Even those with large audiences may not deliver luxury impact if their audience is misaligned with the premium tier. One criteria is whether a person “drives luxury conversation,” according to the VIP dressing executive.
For brands, the red carpet is no longer the endpoint of a campaign, but the beginning of a content chain. On platforms like TikTok, red carpet images are rapidly remixed, reposted and reinterpreted through reaction videos, commentary accounts, memes and creator analysis.
“It’s about how people interact with it,” said Robertson. “You need people talking about it.”
Beauty brands have been particularly aggressive in adapting to this shift.
Dior Beauty, for example, brings creators to Cannes who are not directly tied to film premieres, but who produce social-first content during the festival window.
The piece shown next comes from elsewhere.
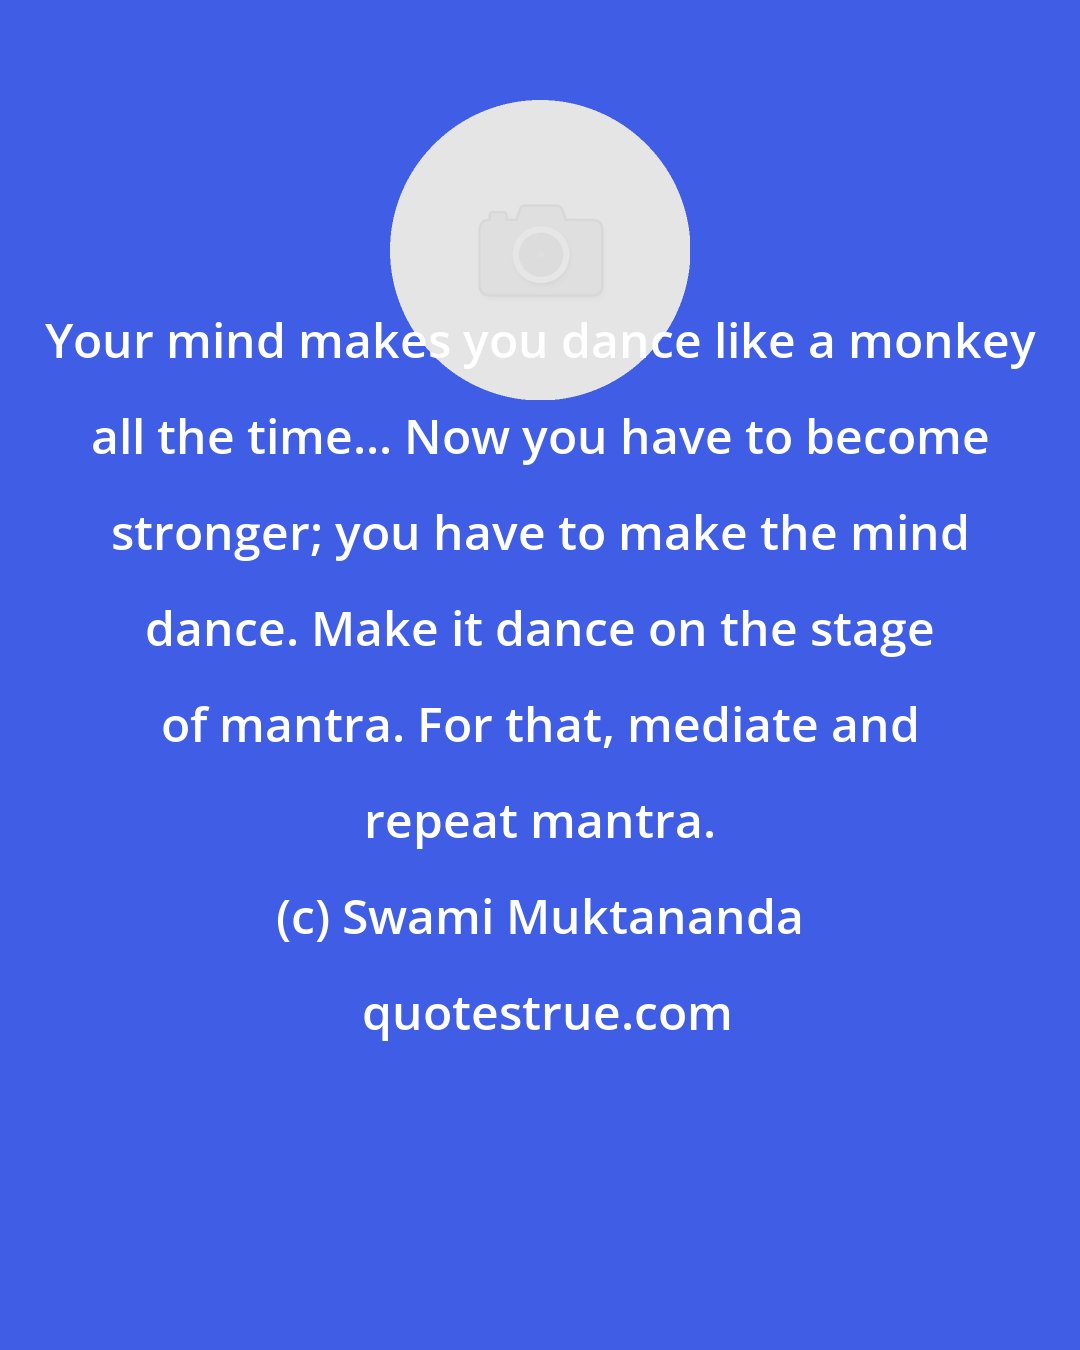 Swami Muktananda: Your mind makes you dance like a monkey all the time... Now you have to become stronger; you have to make the mind dance. Make it dance on the stage of mantra. For that, mediate and repeat mantra.

“They’re not even attending the event,” said Robertson. “But they know there’s going to be eyes on the brand around that time.”
The strategy extends Cannes beyond the Palais red carpet into villas, suites and creator-led content ecosystems.
Despite saturation concerns, executives agree Cannes remains one of fashion’s most influential cultural platforms. But the value now lies less in a single red carpet moment and more in building an ecosystem that sustains momentum long after the festival.
“The best brands are thinking about how to extend it beyond the red-carpet moment,” said Robertson.